À medida
que as ferramentas de tecnologia vêm avançando, o debate sobre a importância do
uso delas, incluindo o simulador de direção na formação dos condutores também é
crescente. Hoje, existe uma convicção de que o uso do simulador irá melhorar a
formação dos condutores e isso é perfeitamente plausível. Um dos principais
responsáveis pelo aumento dos fatores de risco dos motoristas novatos se
envolverem em um acidente segundo a psicóloga inglesa Lisa Dorn é a
incapacidade de prever e gerir riscos. Os motoristas novatos tiveram menos
contato com o trânsito e menos tempo de desenvolver e refinar seus modelos
mentais. Eles são menos capazes de prever corretamente a evolução das prováveis
situações de risco no trânsito.
No
Brasil, muito tem se discutido a respeito do simulador de direção desde a
publicação da resolução 444/2013 pelo Conselho Nacional de Trânsito –CONTRAN.
Tenho lido e assistido dezenas de matérias, entrevistas, reuniões e audiências
públicas sobre o assunto que aparentemente é bastante polêmico. Digo
aparentemente polêmico por toda a cortina de fumaça que paira sobre o assunto
obstruindo nossas visões para enxergarmos a realidade.
Após
ouvir tantos especialistas se pronunciarem pulverizando dados estatísticos e
estudos de outros países, resolvi dar a real atenção que o tema merece. Além de
professora, sou estudante e apaixonada por pesquisa e um dos papéis do
pesquisador é questionar. Desde o início, minhas perguntas sempre foram as
mesmas. Perguntas sem respostas: o simulador de direção é capaz de contribuir
para uma melhor formação do condutor no Brasil? O simulador reduzirá em 50% os
índices de mortes e acidentes de trânsito no Brasil? O simulador é um
instrumento de educação para o trânsito no Brasil? Que tipo de simulador é
melhor para atender às necessidades dos candidatos à habilitação? Uma aula no
simulador equivale à duas, três ou quatro aulas no ambiente real no Brasil?

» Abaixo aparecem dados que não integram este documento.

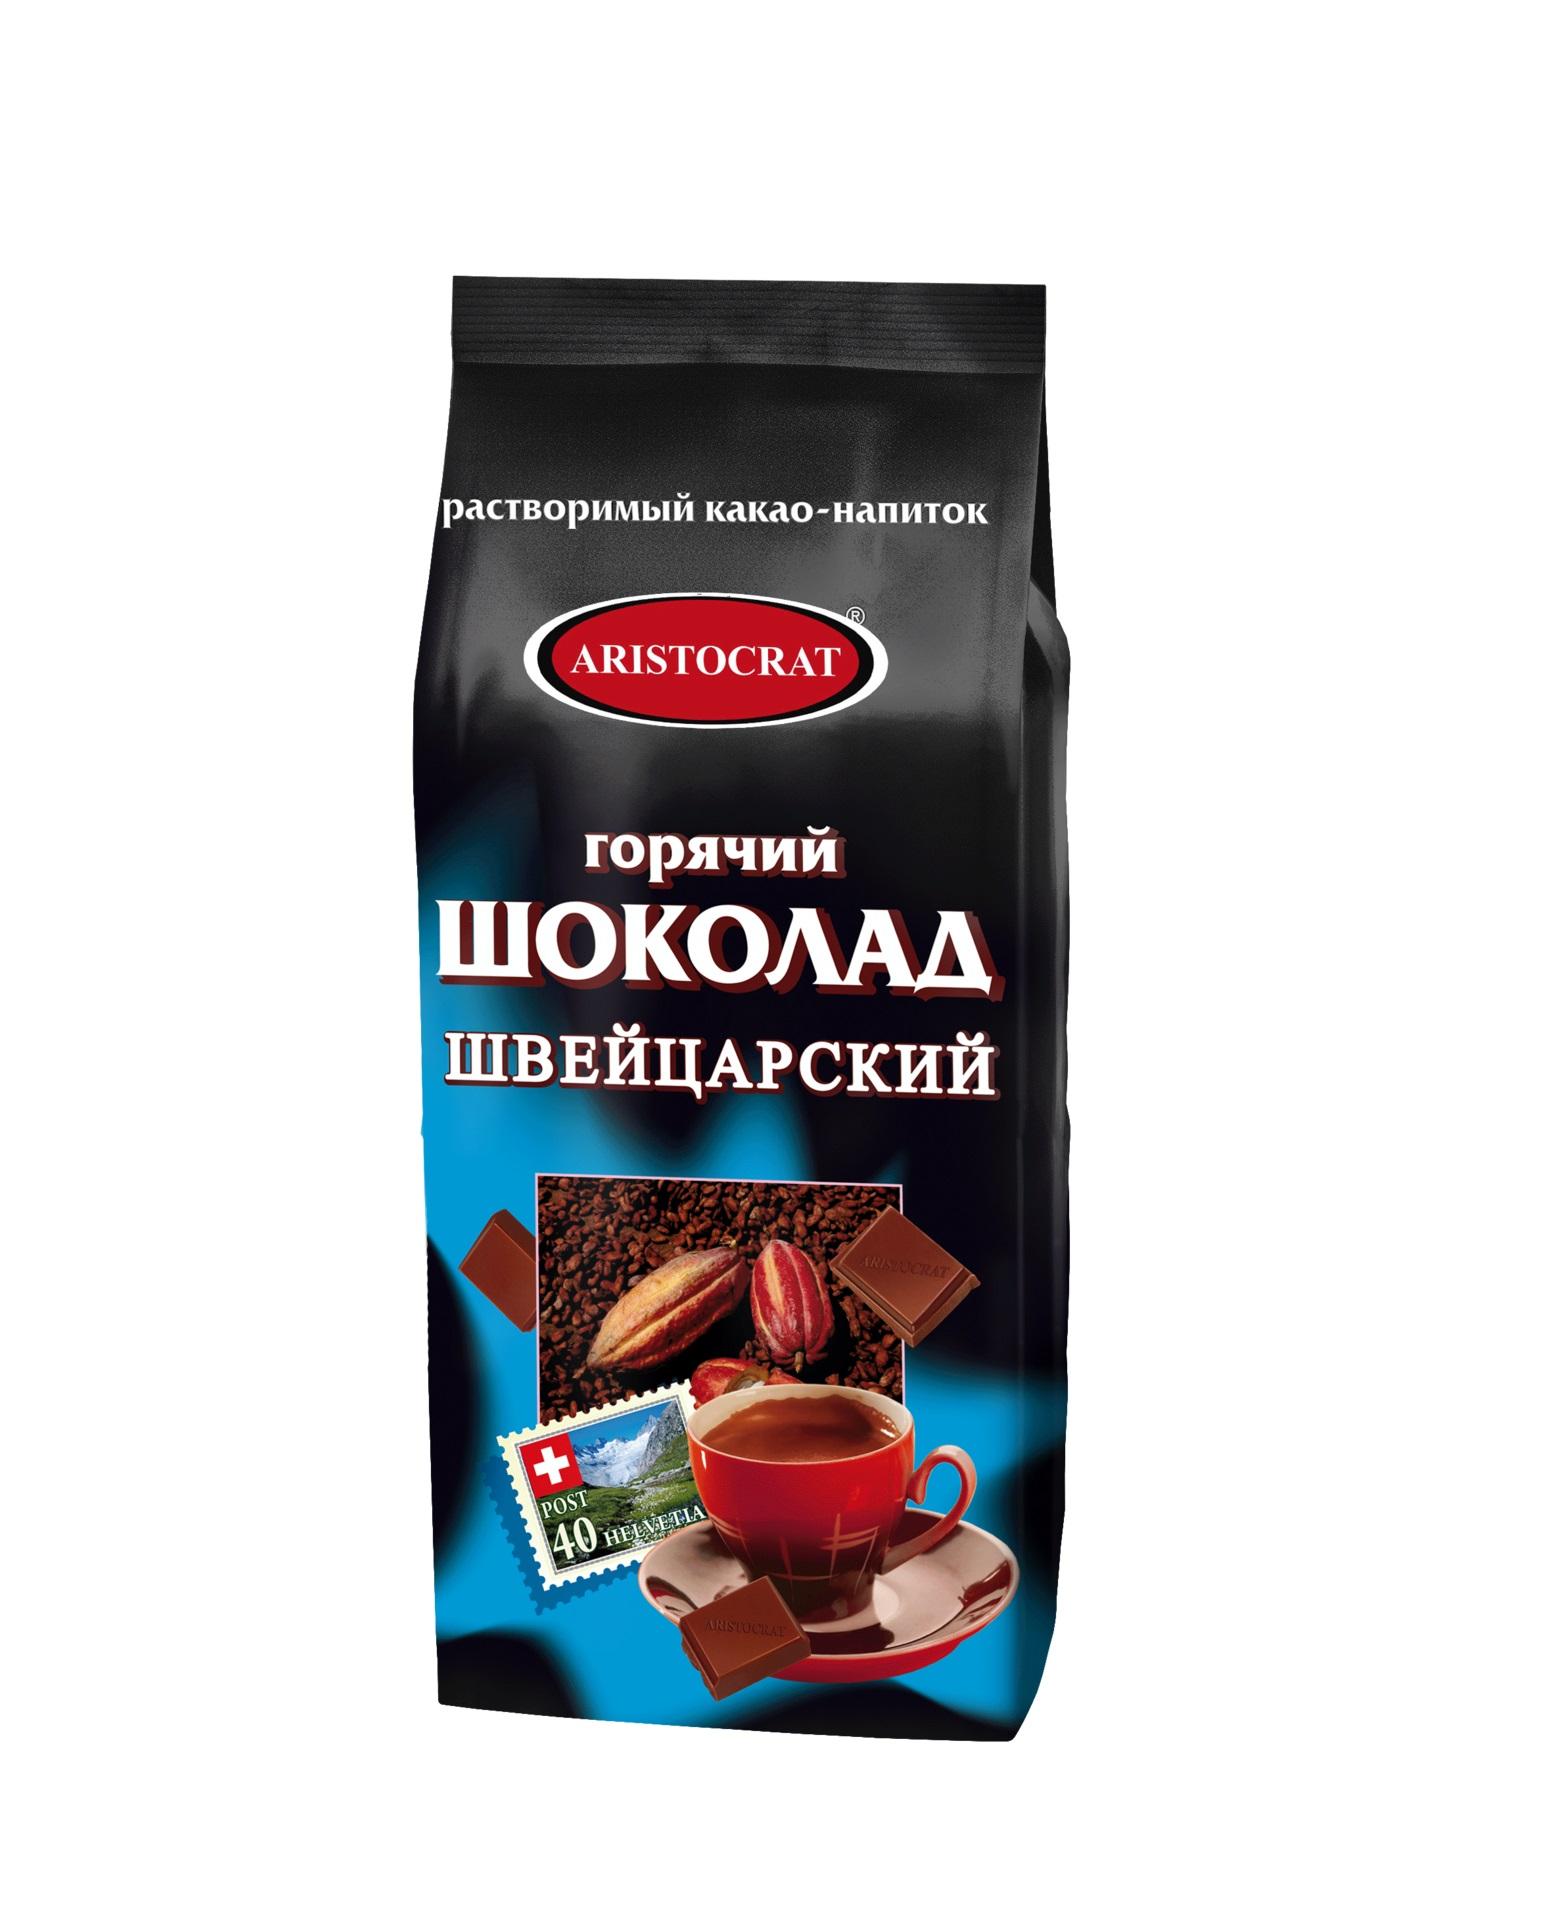 Горячий шоколад ARISTOCRAT Швейцарский 1,0 кг.

Quão realista o simulador precisa ser? Os candidatos à habilitação irão levar o
simulador a sério? Quais as provas de que a aprendizagem adquirida no simulador
será transferida para o mundo real? Porque 15 metros de espaço para o simulador
e não 10, 11, 12 ou 50? Porque 5 aulas no simulador e não 1, 2, 5 ou 30?
Ao
conseguir finalmente o estudo encomendado pelo Governo à Universidade Federal
de Santa Catarina cujo título “Estudo do uso de simuladores e recursos de
realidade virtual para formação de condutores em autoescolas”, que aqui
chamarei de “nosso estudo”, acreditei que encontraria todas as respostas para
as minhas perguntas ou pelo menos a maioria. Óbvio, não? Com tanta gente
falando por aí que o simulador é a solução para os problemas do trânsito no
Brasil, precisamos das respostas. Precisamos do embasamento teórico!
Ao ler e
reler todo o estudo referência que temos em nível nacional a respeito do tema
simulador de direção na formação de condutores, confesso fiquei decepcionada. O
estudo mais parece uma colcha de retalhos onde o “copiar/colar” foi a premissa.
Um assunto tão sério não poderia ter sido tratado com tanto descaso,
principalmente por uma Universidade Federal. Um exemplo básico do que estou
falando é que existem diversas afirmações, convicções e declarações sem citar
as referências. Quem está no meio acadêmico deve concordar comigo que uma regra
básica de um estudo acadêmico é citar as referências daquilo que escreve a não
ser que tenha sido um conhecimento por você desenvolvido, algo novo, que
ninguém tenha escrito. Neste caso, você apresenta os dados da sua pesquisa dos
seus questionários, da amostra que usou, etc. Sem comprovação científica, o que
você escreve passa a ser um mero “achismo”. Assim como este texto escrito por
mim.
À medida
que fui percebendo que minhas perguntas continuavam sem respostas com o “nosso
estudo”, fui buscar informações nas referências não citadas no texto, mas
listadas ao final do trabalho e em muitas outras referências. Na verdade, já
perdi as contas de quantos artigos li a respeito. Até o momento, acima de 200.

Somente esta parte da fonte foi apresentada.